Нетерпеливый Желябов тоже жаждет побыстрее пустить дина­мит в дело. И Распорядительная комиссия, несмотря на мнение Ки­бальчича, отдает приказ – взрывать!

Теперь на Дворцовой площади каждый вечер Халтурина поджидает Желябов. Но, проходя не останавливаясь мимо Желябова, Халтурин бросает короткое – «Нет». Взрыв все откладывается.

Халтурин ждет, чтобы взорвать наверняка. И он дождался. Ему стано­вится известно, что 5 февраля в Зимний дворец приезжает любимый брат царицы принц Александр Гессенский. По этому поводу ровно в 6 часов (во дворце все происходит точно) в столовой состоится семей­ный обед. На нем будет присутствовать царь с сыновьями – наслед­ником и Владимиром. Царица, как говорили во дворце, присутство­вать на обеде не сможет – она уже не встает с постели.

Так что Халтурину выпадает возможность отправить на тот свет сразу царя и старших сыновей.

Удачной прелюдией к 5 февраля стало для народовольцев убийство некоего Жаркова, наборщика подпольной типографии, завербованно­го охранкой.
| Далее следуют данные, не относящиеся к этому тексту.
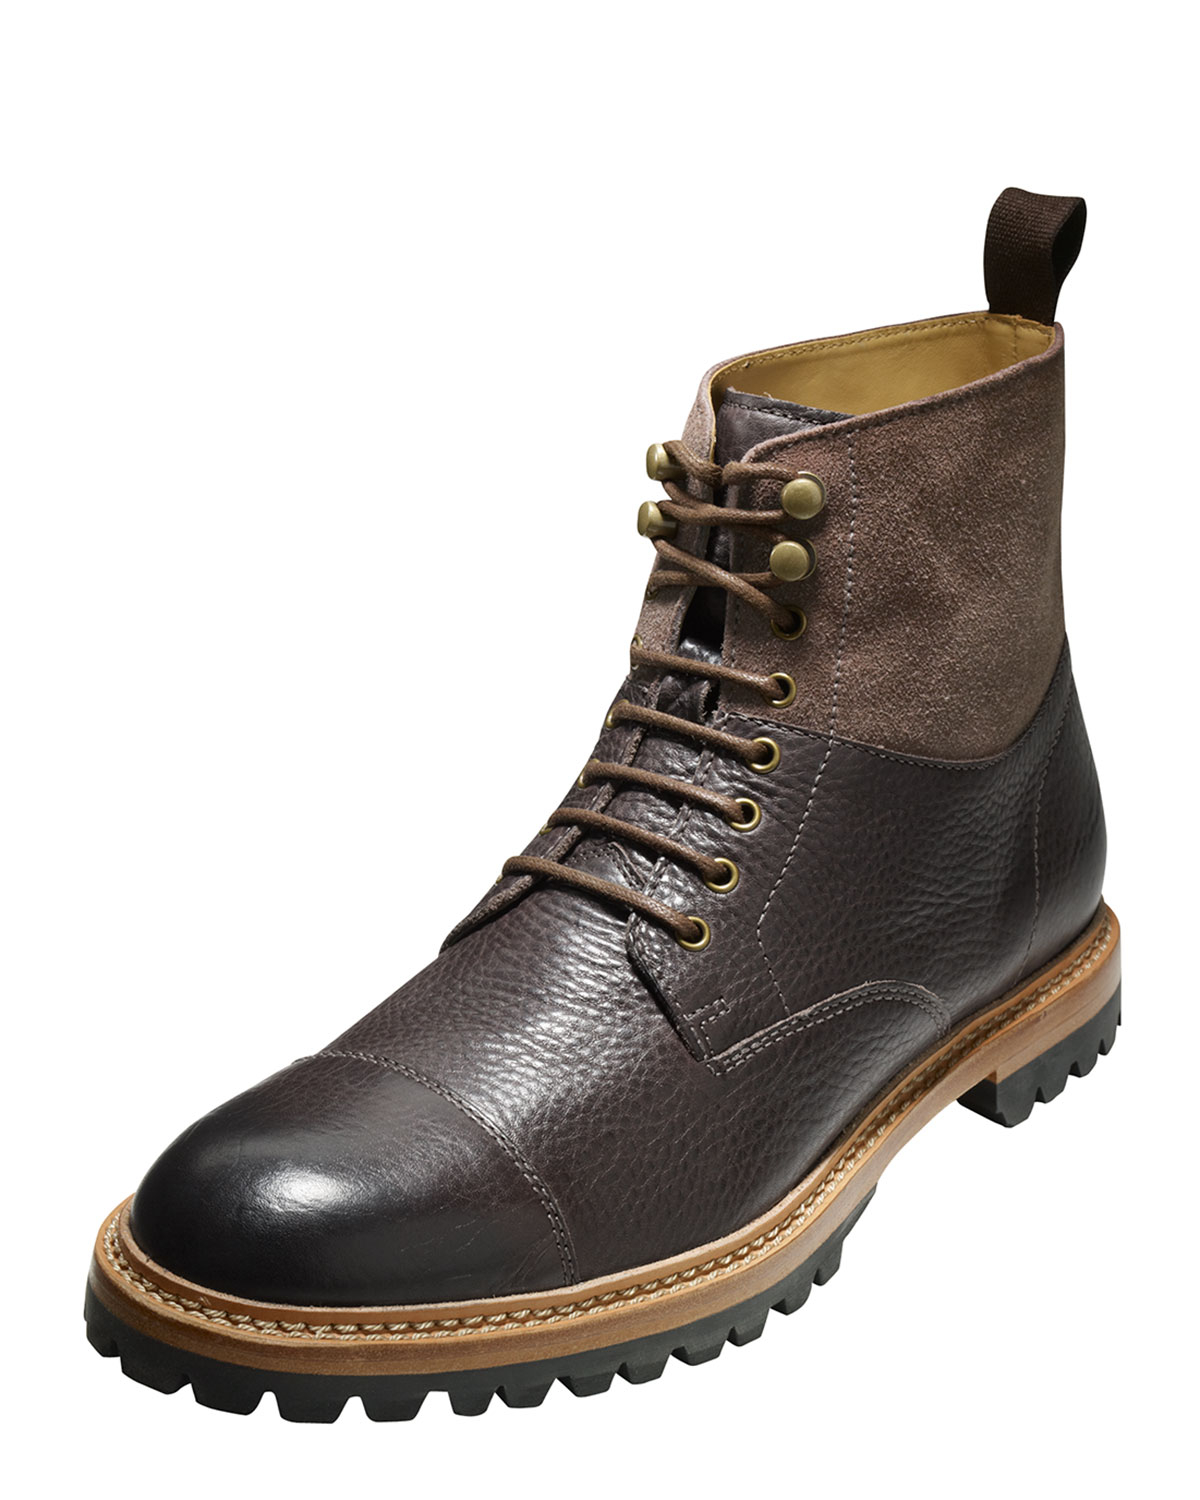 Cole Haan Boots For Men - www.inf-inet.com

3 февраля агенты Исполнительного Комитета заманили Жаркова на лед Малой Невки. Оглушенный кистенем Жарков упал, и уже знакомый нам молодой Пресняков ударами кинжала добил его.

И наступило 5 февраля.

К шести часам вечера Халтурину надо было выманить из подвала живших вместе с ним столяров. Это оказалось несложным. Халтурин пригласил столяров в ресторан – отметить его помолвку. Ресторан был недалеко от дворца. Ближе к шести часам Халтурин объявил столярам, что хочет познакомить их со своей невестой. И, оставив столяров в ресторане (ждать его и невесту), Халтурин быстро возвращается во дворец.

На часах – шесть. Прислуга озабоченно бегает. Он понял: гость уже приехал. Халтурин спустился в подвал и соединил провода. Благодаря устройству взрывателя, у него оставалось четверть часа, и он смог неторопливо покинуть царский дворец.

В тот день в Петербурге мела метель. Снег валил густыми хлопьями. Метель мела третий день... Мосты, дома тонули в снегу, и горевшие фонари едва мерцали в метели. Все было тревожно и красиво. Египетс­кие сфинксы над Невой – в снежных мантиях. И огни Зимнего двор­ца с трудом светили в густом снегу...

В метели на Дворцовой площади ждал Халтурина покрытый снегом Желябов.

И из метели появился Халтурин.

«Замечательно спокойный, поздоровался с Желябовым и словно фразу из самого обычного разговора произнес: "Готово"» (вспоминал Л. Тихомиров).

И буквально через пару секунд на Дворцовой площади в Зимнем Дворце страшно грохнуло. Дворец будто содрогнулся. В дворцовых ок­нах погас свет.

И темный дворец исчез в белой метели.

5 февраля в Зимнем дворце император ждал принца Александра Гес­сенского.

Метель занесла дороги, не работала даже конка. На вокзал встречать принца император отправил сыновей – наследника и Владимира. Поезд опоздал из-за снежных заносов, и принца привезли к самому обеду.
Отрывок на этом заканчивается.